__THE PROBLEM__
Would you print exactly the lines that begin the listing and continue through the line holding "Sun Care For"? No pictures, please.

__SOURCE MATERIAL__
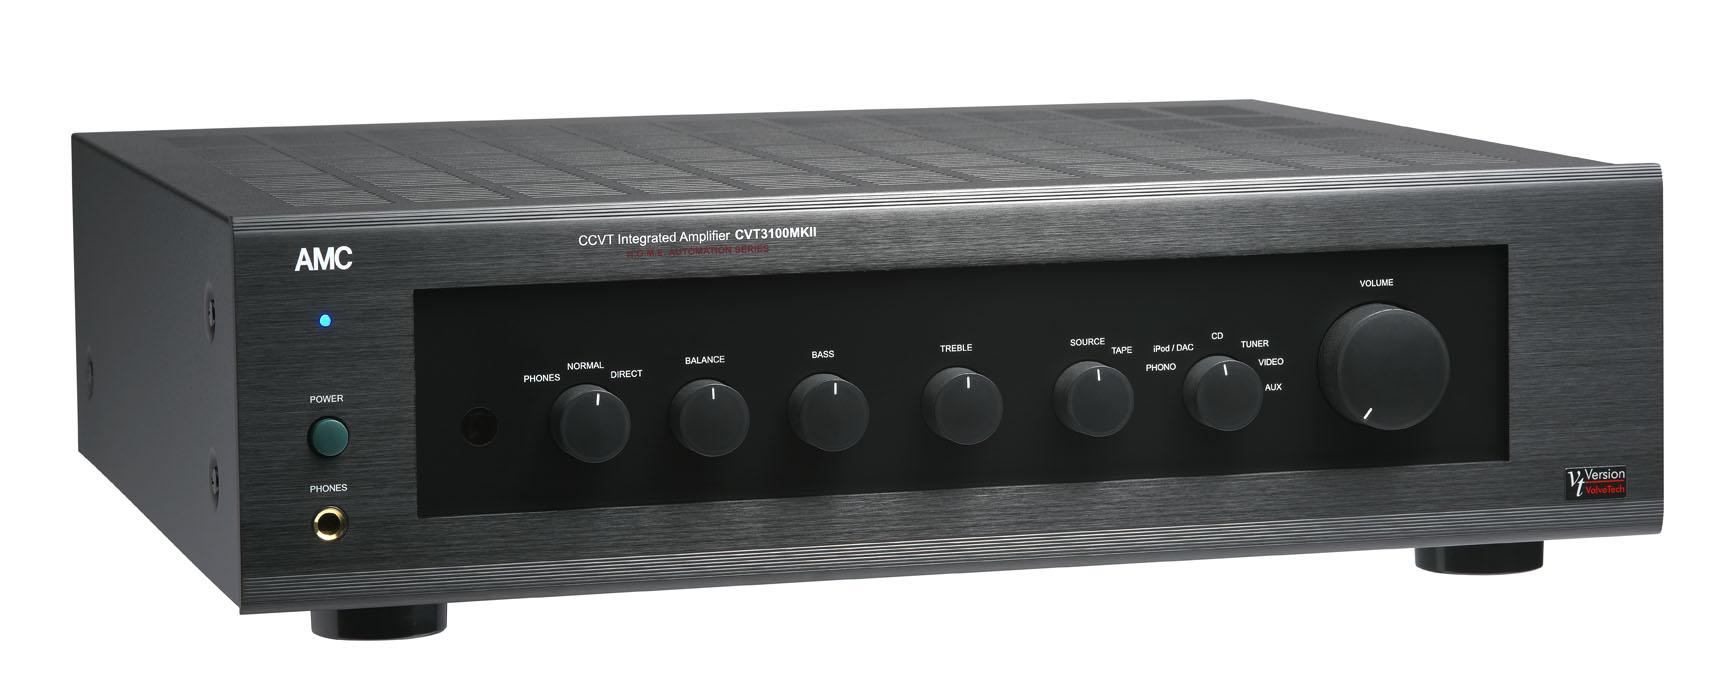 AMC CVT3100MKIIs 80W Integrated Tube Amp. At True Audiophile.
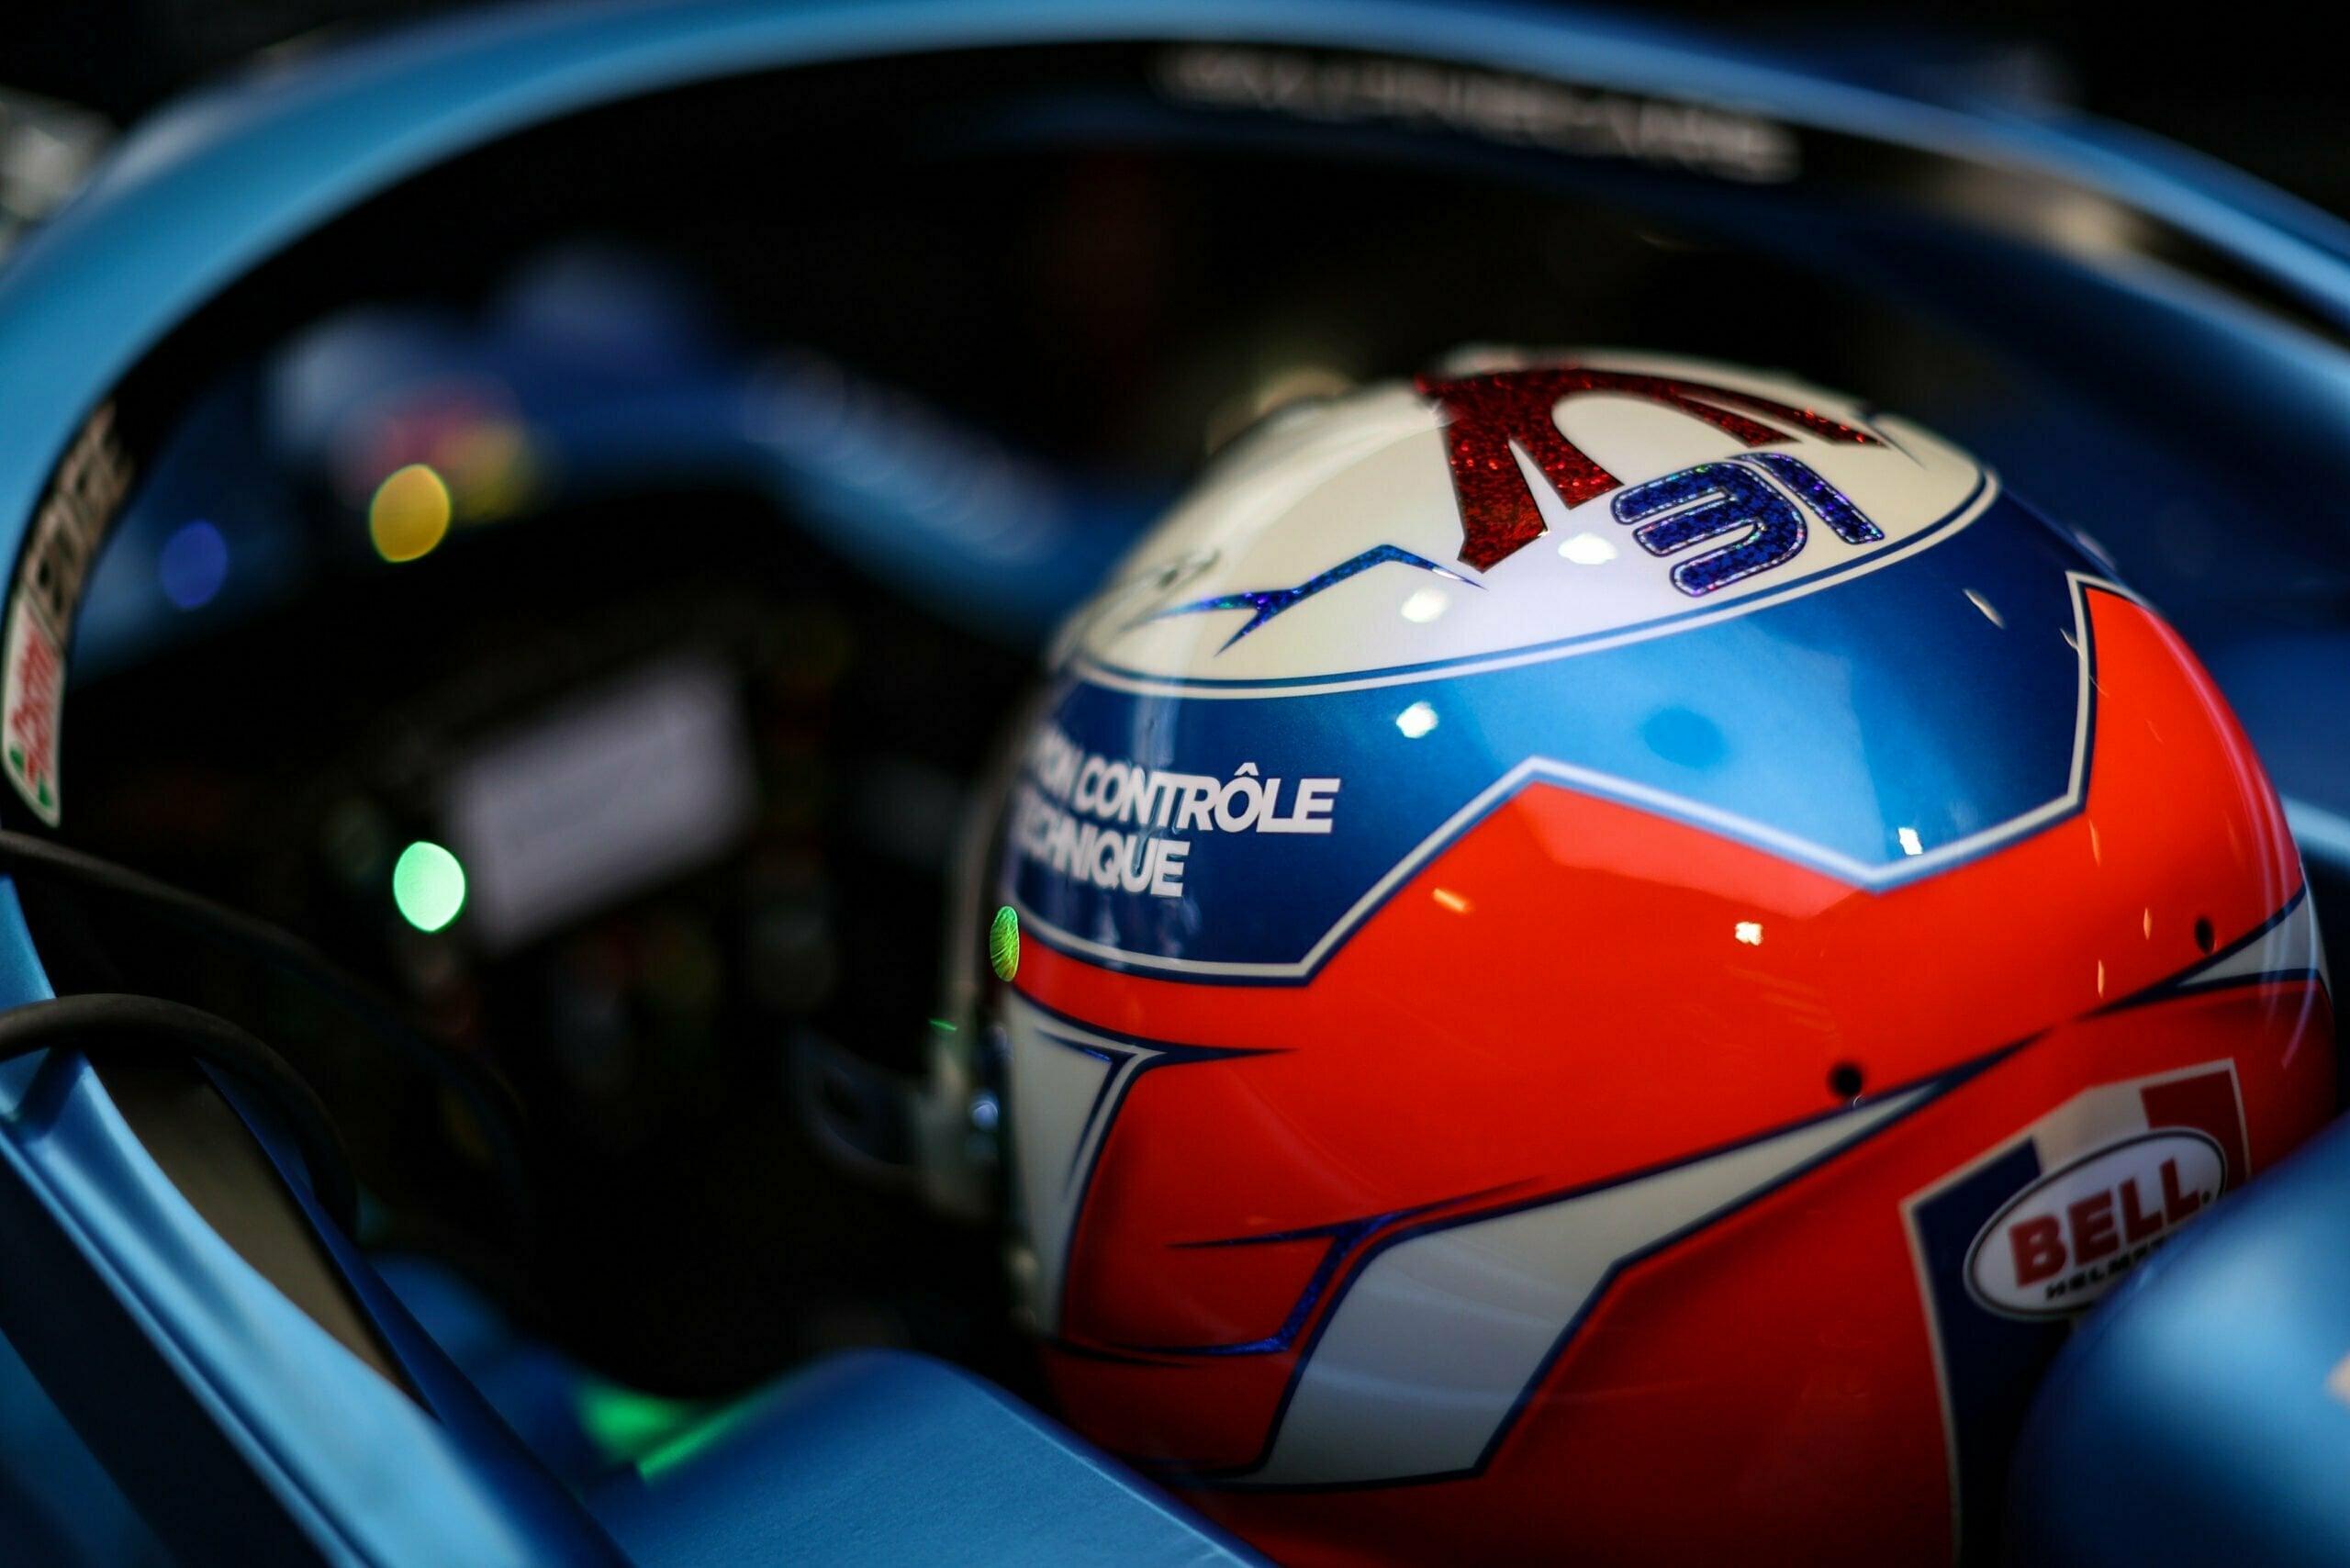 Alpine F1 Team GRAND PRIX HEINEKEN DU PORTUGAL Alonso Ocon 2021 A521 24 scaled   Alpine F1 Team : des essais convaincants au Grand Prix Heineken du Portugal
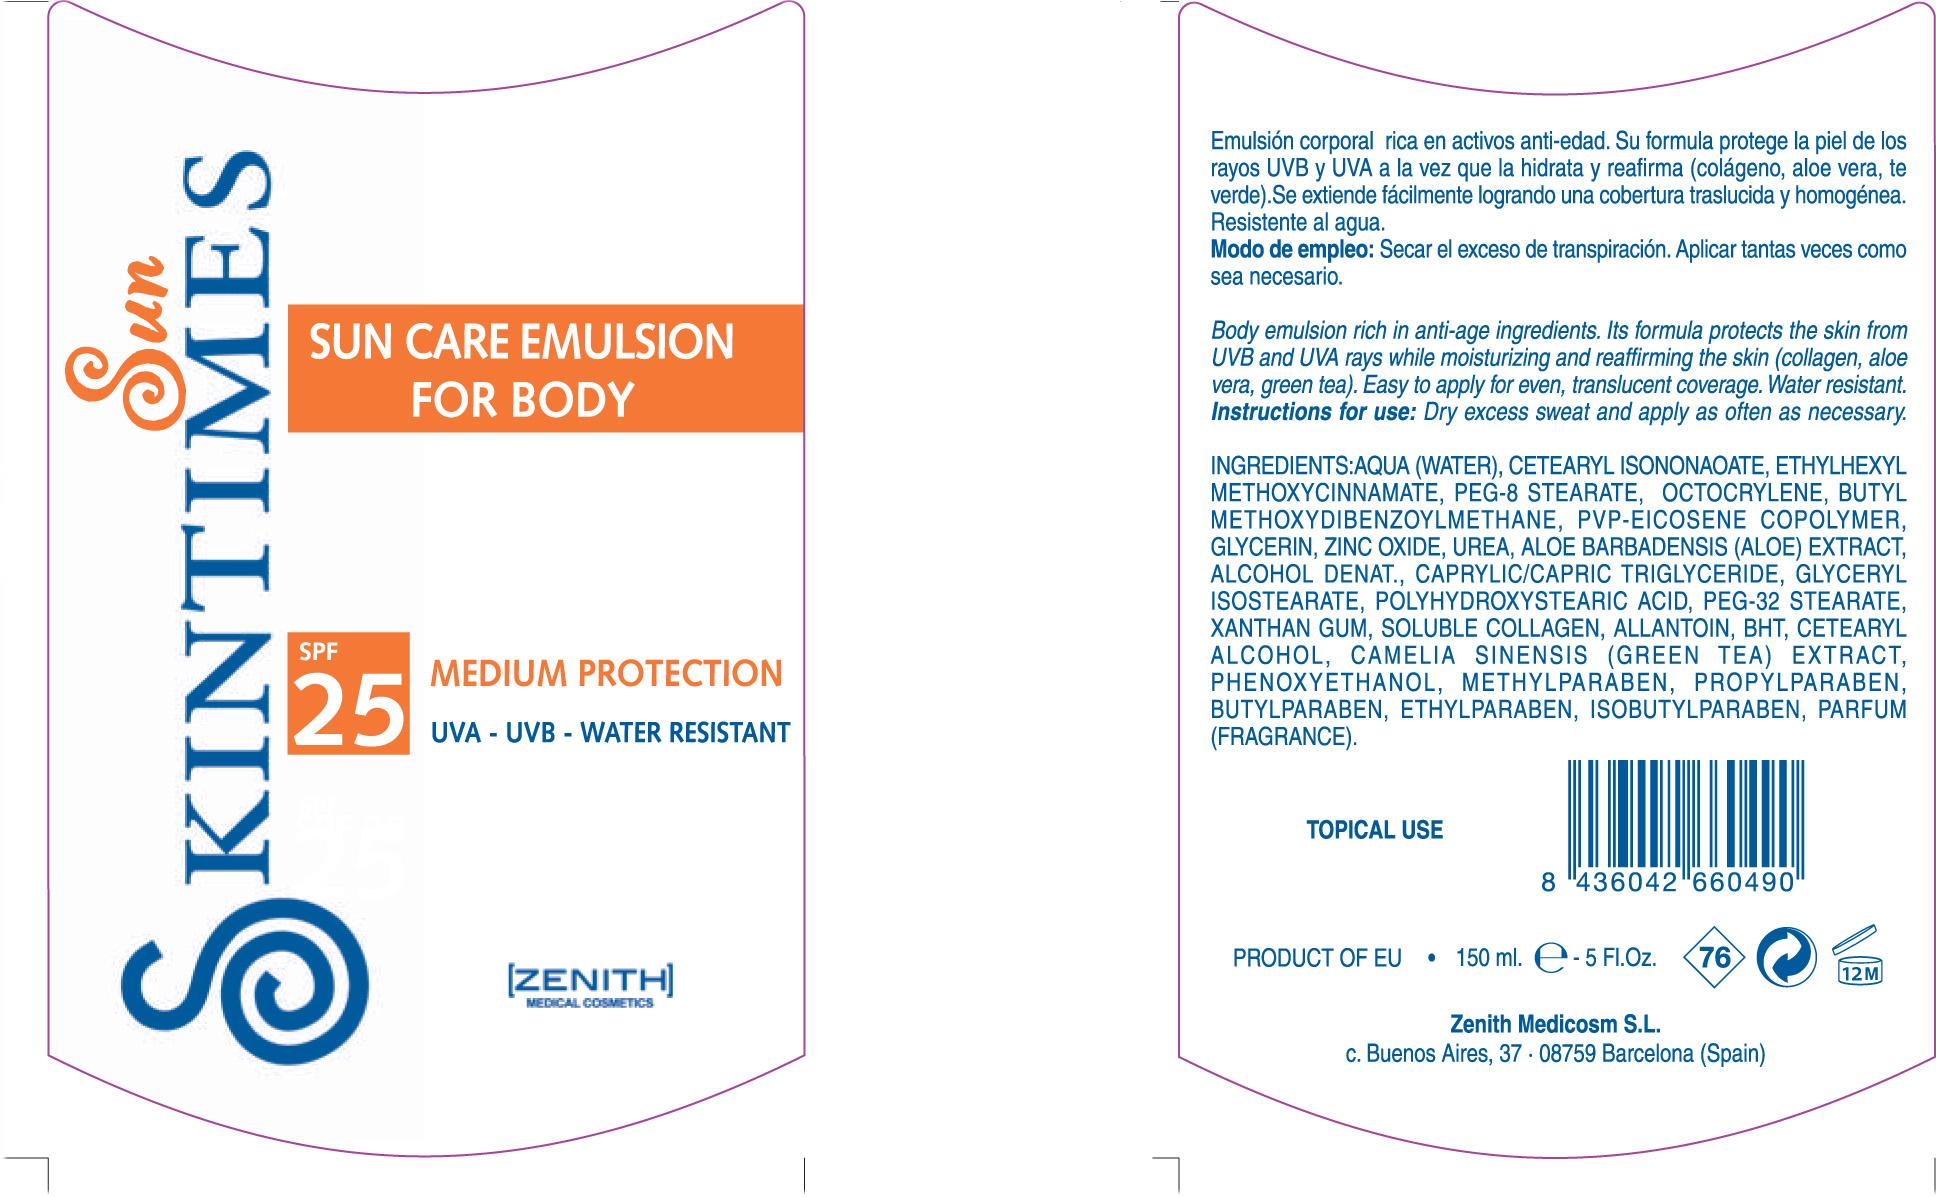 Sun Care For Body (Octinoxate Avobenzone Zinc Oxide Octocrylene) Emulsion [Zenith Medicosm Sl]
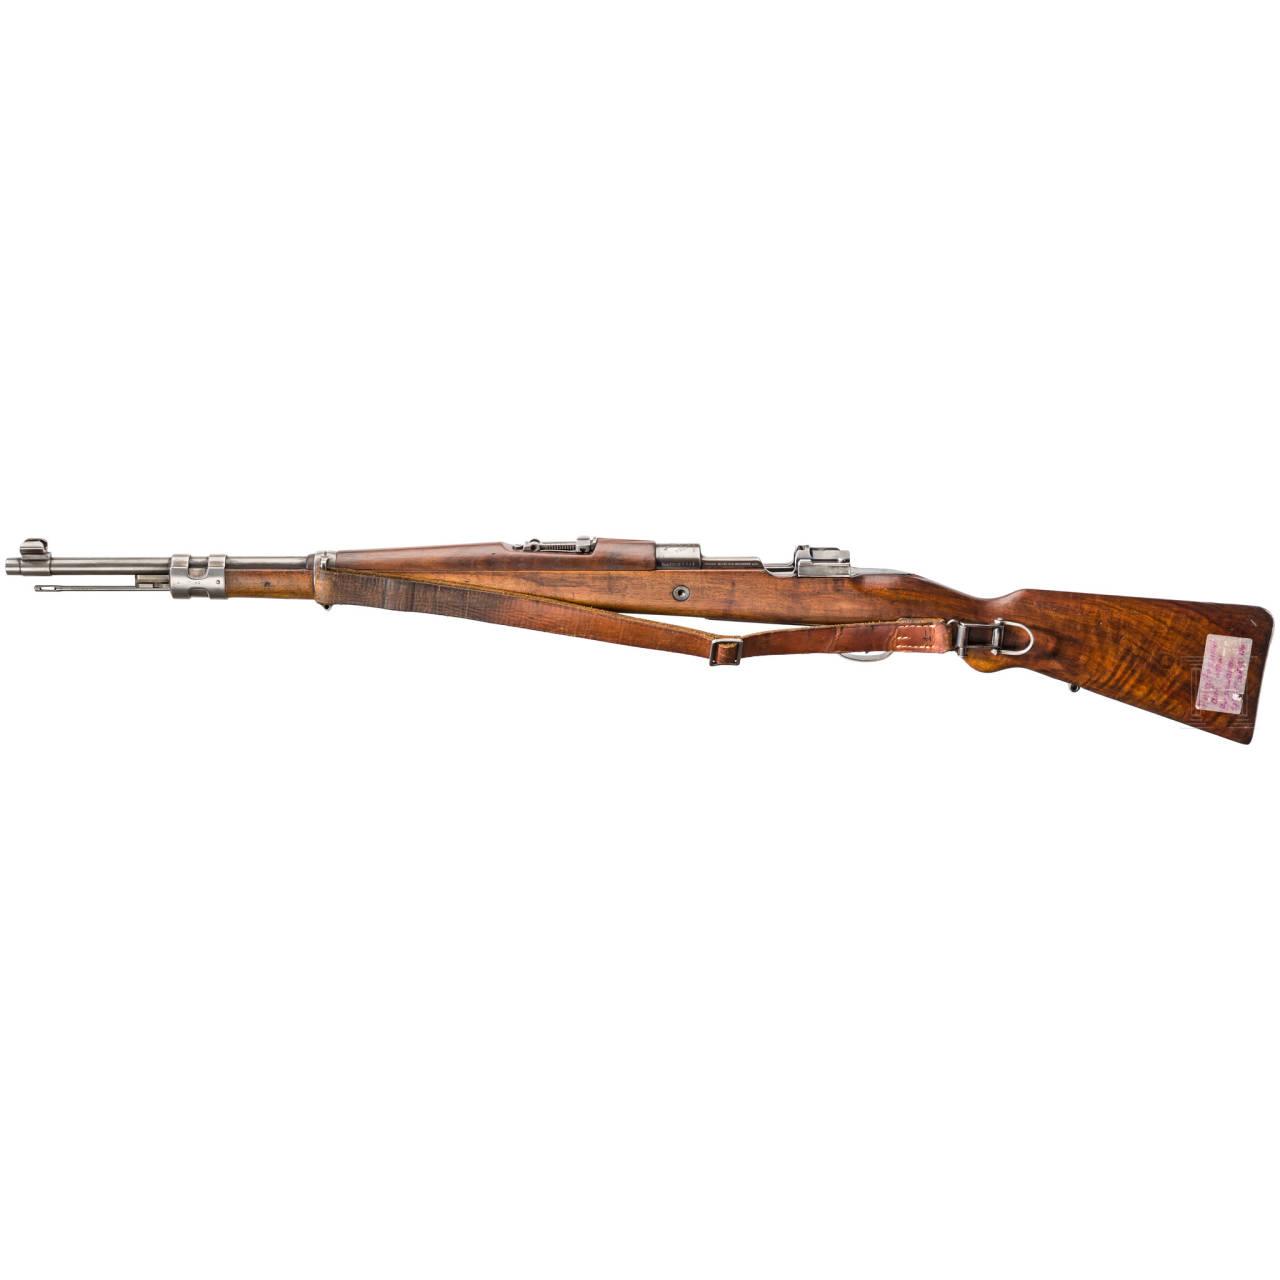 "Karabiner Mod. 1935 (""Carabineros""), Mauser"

__OUTPUT FOR THIS EXERCISE__
 AMC CVT3100MKIIs 80W Integrated Tube Amp. At True Audiophile.
 Alpine F1 Team GRAND PRIX HEINEKEN DU PORTUGAL Alonso Ocon 2021 A521 24 scaled   Alpine F1 Team : des essais convaincants au Grand Prix Heineken du Portugal
 Sun Care For Body (Octinoxate Avobenzone Zinc Oxide Octocrylene) Emulsion [Zenith Medicosm Sl]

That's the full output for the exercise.